I’ve learned a lot since those first few months. She is 16 years old now and will be finished with the treatment protocol the first of the year. It was an agonizing three years of pain and sickness complicated by the fact she was allergic to almost all of it and now is left with bone joints that are crumbling from a reaction to steroids. If not for St. Jude’s Children’s Research Hospital in Memphis all hope would have been lost. I knew Danny Thomas started the hospital and research center but was curious about the Saint he named it after so I did some research.
It is named after Saint Jude known as the patron of lost causes and desperate cases, and the patron saint of hospitals. Jude was one of Jesus’ twelve original apostles. His lineage is documented as a direct relative of Jesus, a cousin. There are certainly many sources of shared personal history, for instance any reference in the New Testament to “the apostles” would presumably include him. Thus we can conclude he was in the boat, on the hillside, in Jerusalem, at the Last Supper, etc. He also preached and taught in Turkey, Syria, Libya, Samaria, Judea and Palestine. Saint Jude is also the patron saint of hope. Maybe this is the most important thing he represents as many times it is the only thread left to grab onto. There is something endearing about its endurance when times are bleak. In Emily Dickinson’s “Hope is the Thing with Feathers,” the poet writes about hope as a bird that continues to sing despite not knowing the words, despite being stuck in a storm, despite the worst of conditions.

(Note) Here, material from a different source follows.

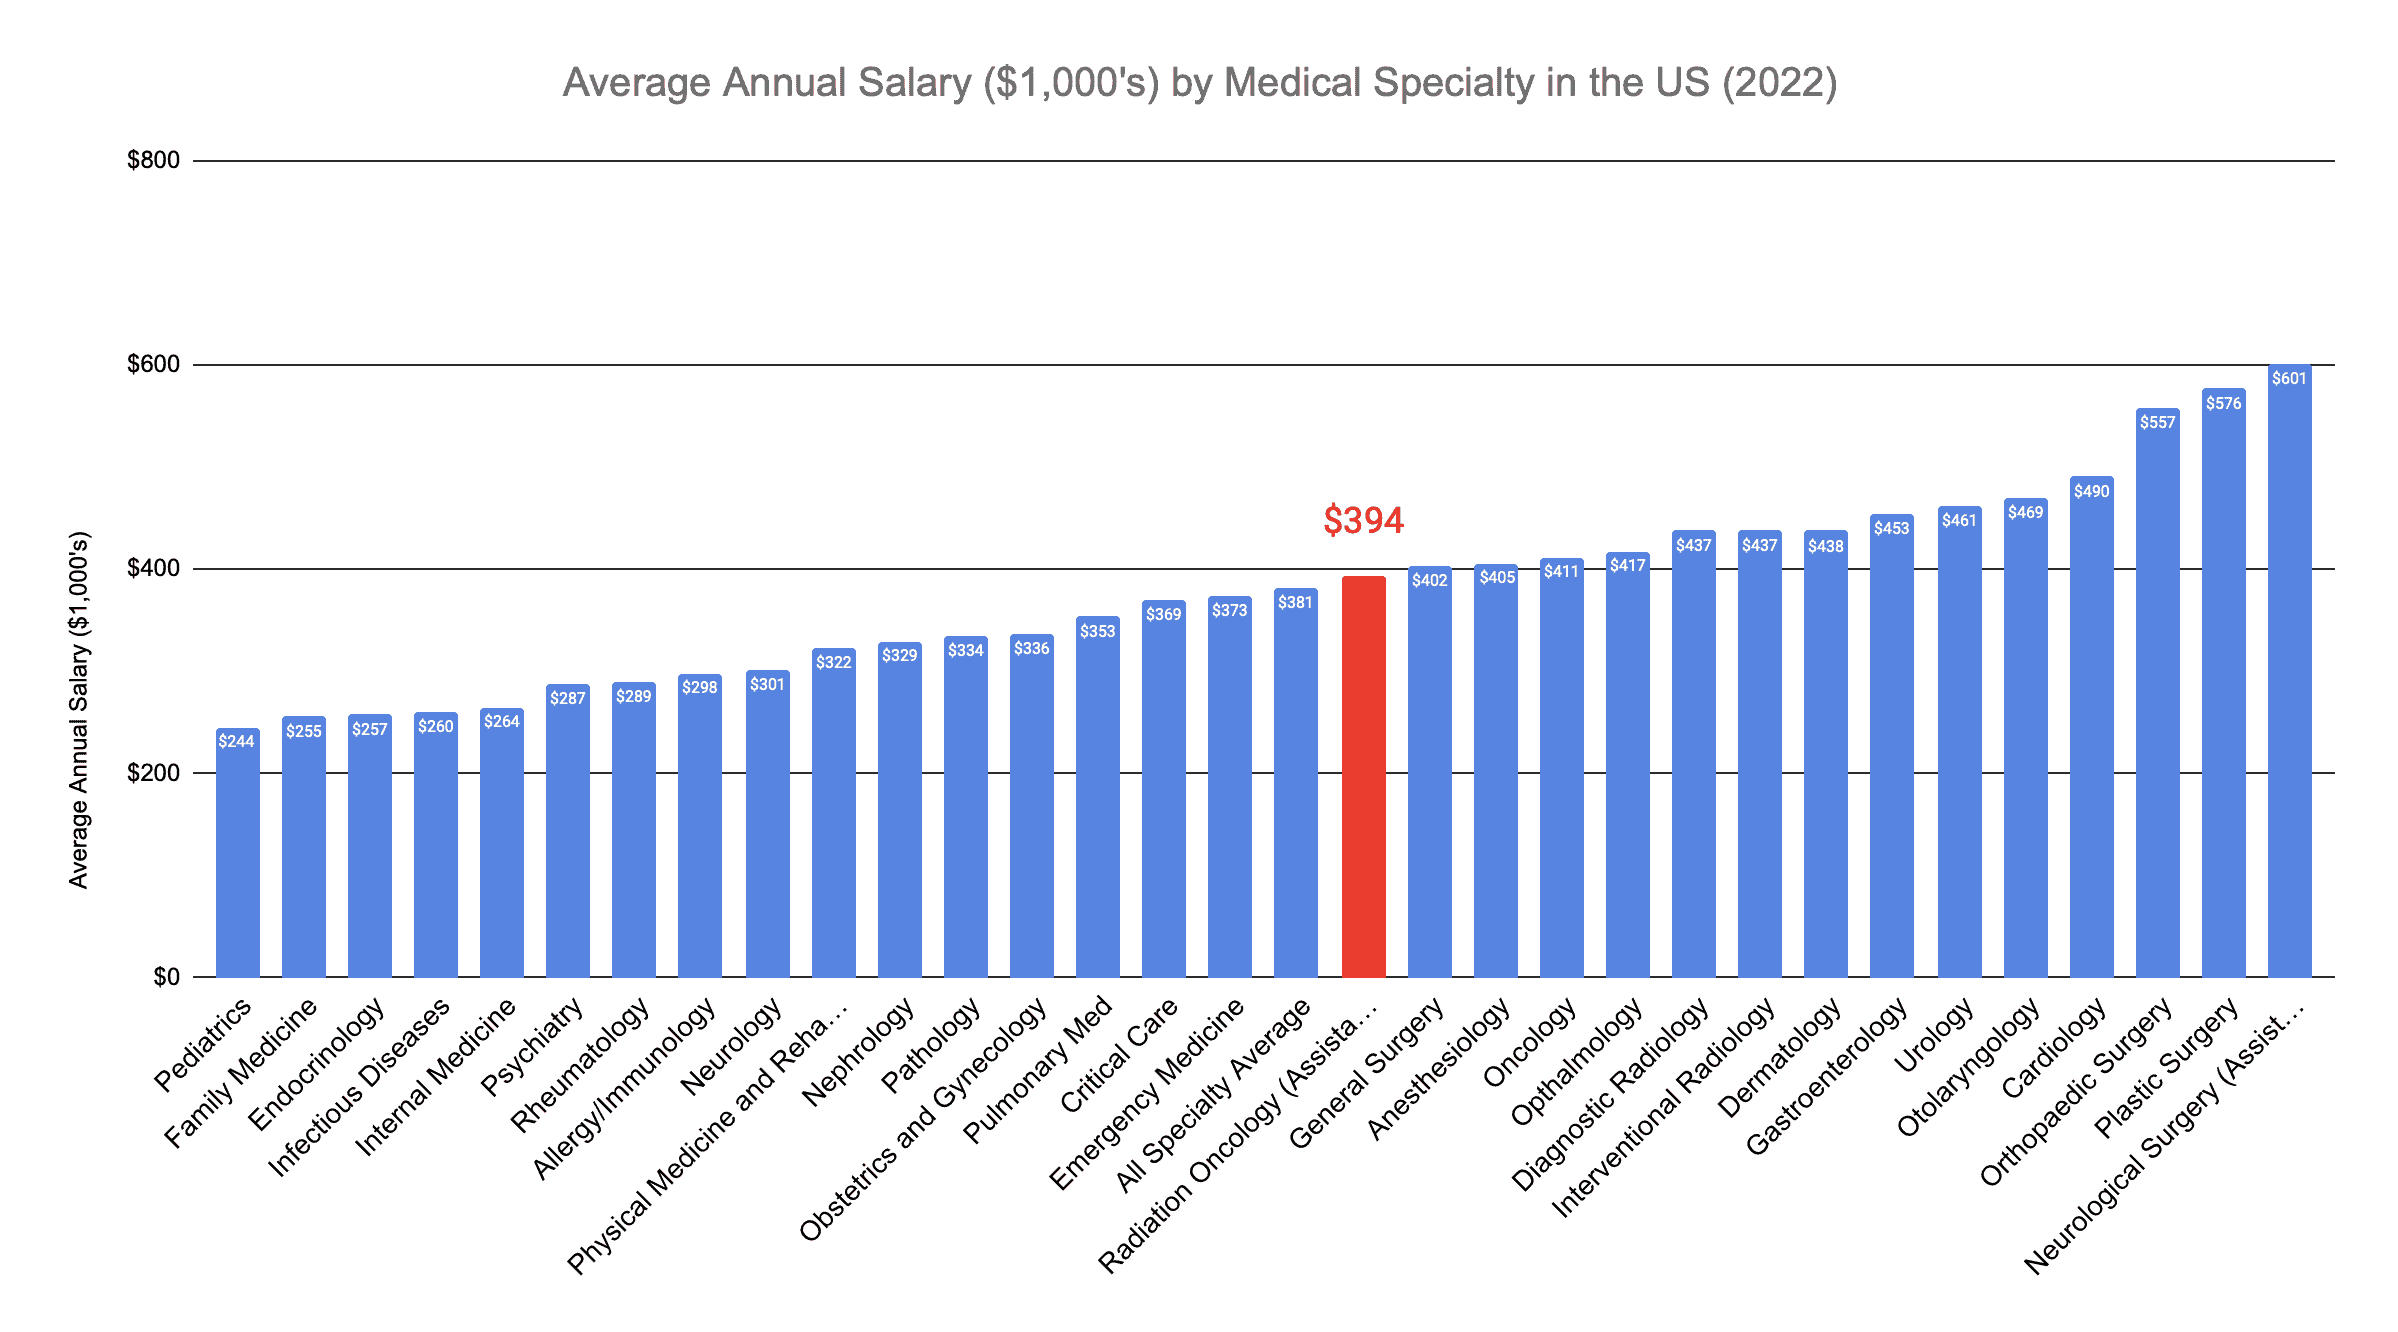 Radiation Oncologist Annual Salary

Hope is the belief that circumstances in the future will be better. It’s not a wish that things will get better, but an actual belief, even when there may be no evidence that anything will change. We held onto that thread with our belief of hope so tight that most times we were exhausted but we never gave up. And now she is in remission. Her joint surgeries almost half done and she has just re-entered high school after two years of treatment. Her charm, beauty and intelligence still in place only now honed with a strength and maturity only a life tragedy can teach you. Hope is not denial, it is faith in the darkest times. Danny Thomas selected the perfect Saint to represent what his heart was trying to give to children and families in dire circumstances with a crisis too devastating to comprehend.